Personal information
- Full name: Hunter Brant Morse
- Date of birth: October 12, 1998 (age 27)
- Place of birth: Belleville, Michigan, United States
- Height: 6 ft 3 in (1.91 m)
- Position: Goalkeeper

Team information
- Current team: Portland Hearts of Pine
- Number: 1

Youth career
- 2019: Detroit City FC

College career
- Years: Team / Apps / (Gls)
- 2018–2021: Michigan State Spartans / 28 / (0)
- 2022: Western Michigan Broncos / 21 / (0)

Senior career*
- Years: Team / Apps / (Gls)
- 2023–2024: FC Cincinnati / 0 / (0)
- 2023–2024: FC Cincinnati 2 / 12 / (0)
- 2025–: Portland Hearts of Pine / 48 / (0)

= Hunter Morse =

American soccer player (born 1998)

Hunter Brant Morse (born October 12, 1998) is an American professional soccer player who currently plays as a goalkeeper for Portland Hearts of Pine in USL League One.
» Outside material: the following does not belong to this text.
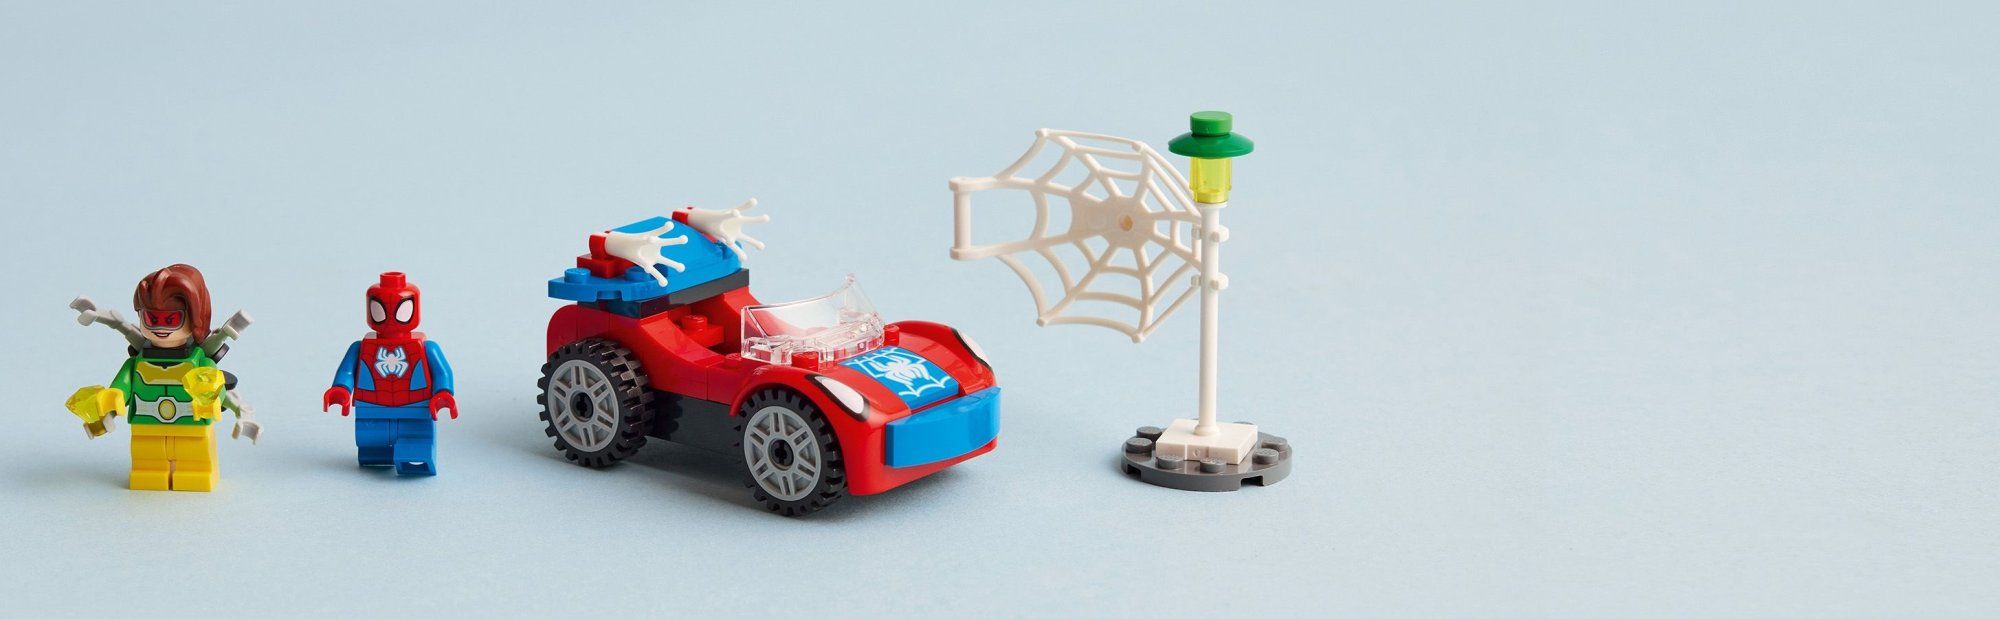 LEGO Marvel 10789 Spider-Man v aute a Doc Ock

A second-round pick in the 2023 MLS SuperDraft by FC Cincinnati, he previously played for FC Cincinnati 2 of MLS Next Pro.

== Early life and college career ==
Morse was born on October 12, 1998, in Belleville, Michigan and attended Huron High School in New Boston, Michigan. Morse initially played college soccer for the Michigan State Spartans, appearing in 28 matches over four seasons, before transferring to Western Michigan University for an additional season. He was named Mid-American Conference Co-Goalkeeper of the Year, along with Bowling Green's Brendan Graves, in his sole season with the Broncos. Western Michigan also won the Mid-American Conference's championship.

== Club career ==

=== Detroit City FC ===
In 2019, while still a student at Michigan State, Morse played for Detroit City FC, at that point in the National Premier Soccer League and an amateur side. He was the starting keeper for Le Rouge in the 2019 NPSL final, which ended in a victory.

=== FC Cincinnati and FC Cincinnati 2 ===
Morse was drafted 51st overall in the 2023 Major League Soccer SuperDraft by FC Cincinnati. He was signed to their affiliate team in MLS Next Pro, FC Cincinnati 2. He appeared 12 times for FC Cincinnati 2 across the 2023 and 2024 seasons.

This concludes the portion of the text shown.